A VETERAN lawyer has failed in his appeal against his conviction for helping a Housing Board flat owner make a false claim in court five years ago.
However, Bachoo Mohan Singh, a lawyer for more than 30 years, did have his three-month jail term reduced to one month by the High Court and was ordered to pay a $10,000 fine.
Singh was found guilty in the lower court in 2007 for helping to file a claim which stated that the flat was to be sold for an inflated price of $490,000 in April 2004.
In the High Court on Monday, his lawyer, Senior Counsel Michael Hwang, said that Singh, 60, did not break the law by acting for a flat-owner to sue a buyer after a sale fell through.
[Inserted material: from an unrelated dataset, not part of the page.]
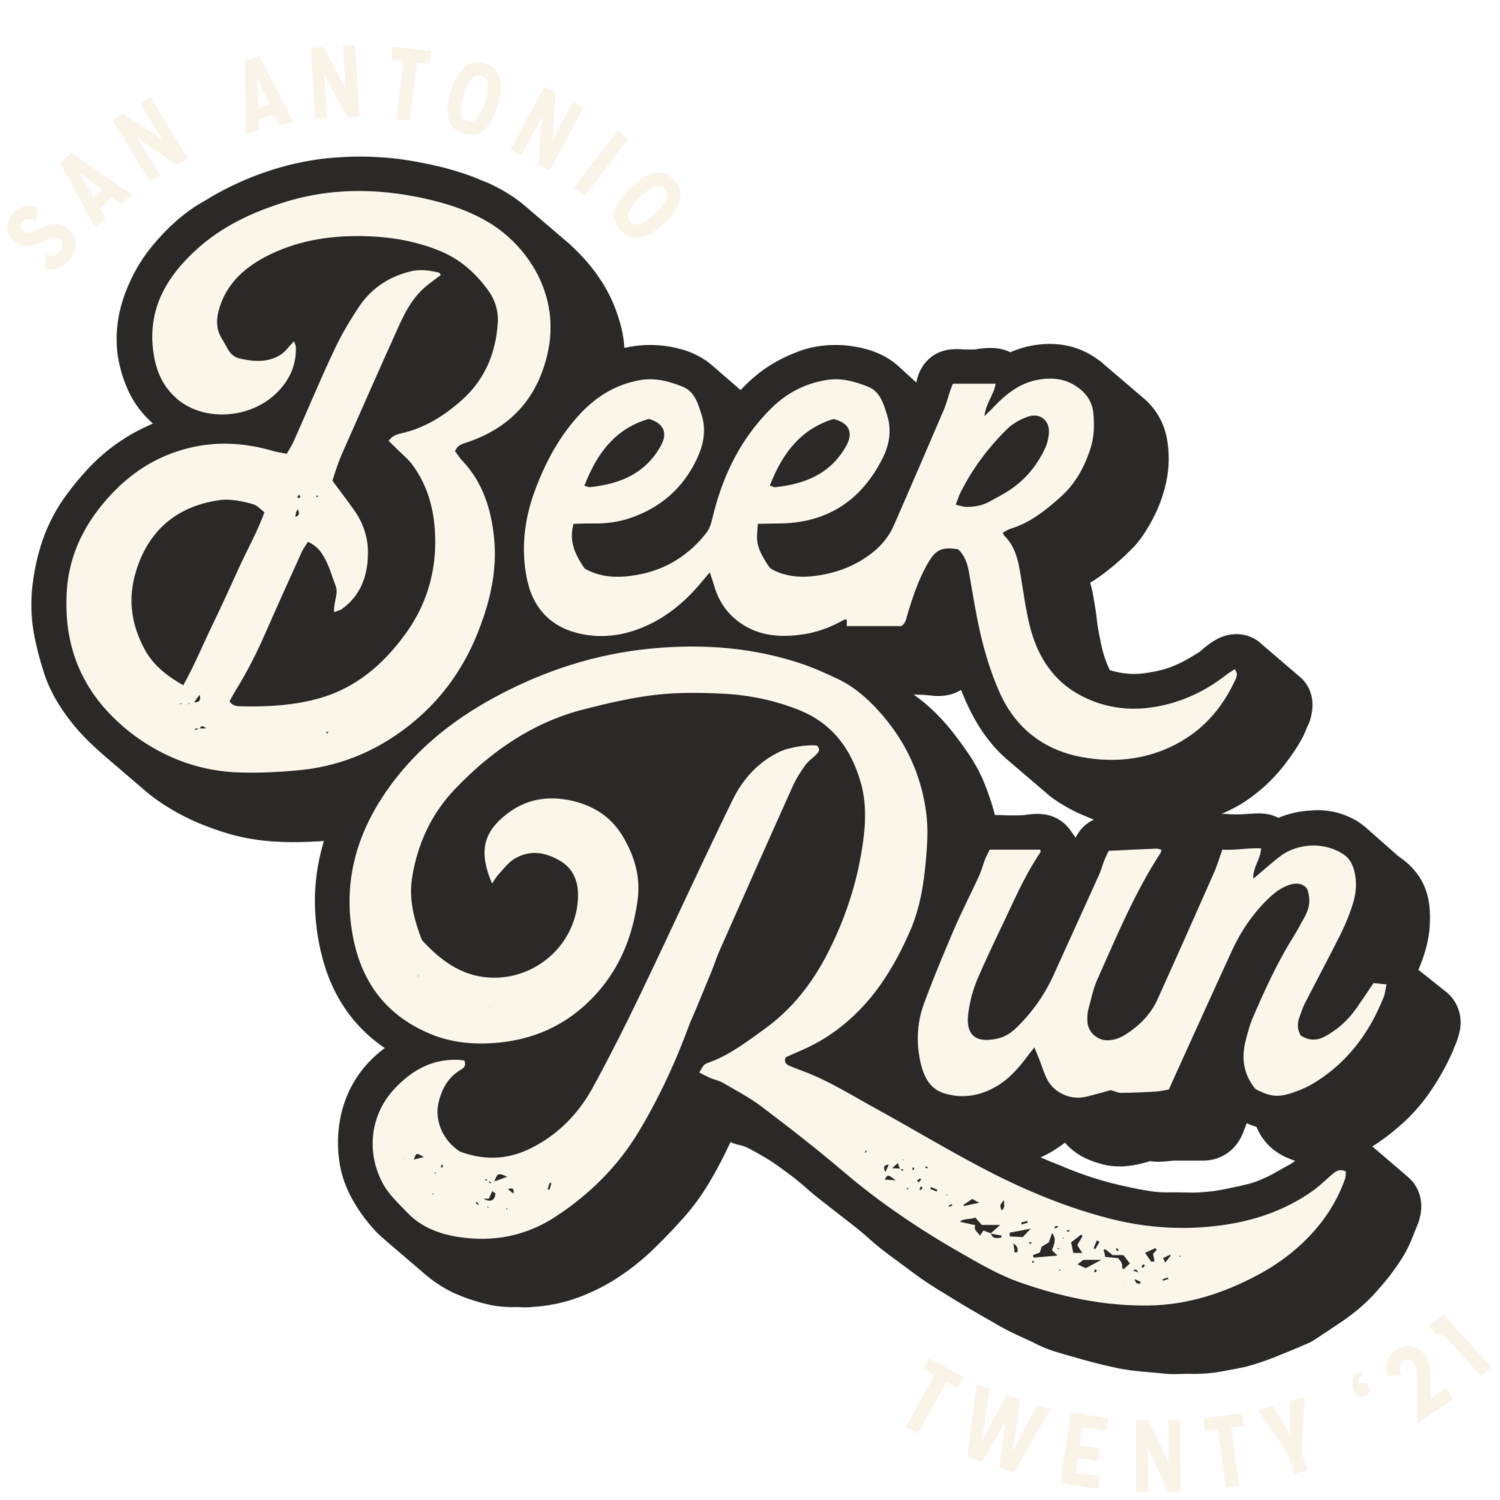 San Antonio Beer Run

He did what any reasonable lawyer would have done and acted on his client's instructions, said SC Hwang.
If the conviction was allowed to stand, lawyers here would have to investigate and pass judgment on the truth of all clients' claims before filing them in court, said SC Hwang, who is also president of the Law Society.
SC Hwang also said defence lawyers could threaten opposing lawyers by saying that the claims they filed were false, reporting these to the police and thus delaying hearings while police investigated these allegations.
But Justice Tay Yong Kwang said the issue in Singh's case was not whether a lawyer has to verify the truth of facts stated by a client, as described by SC Hwang.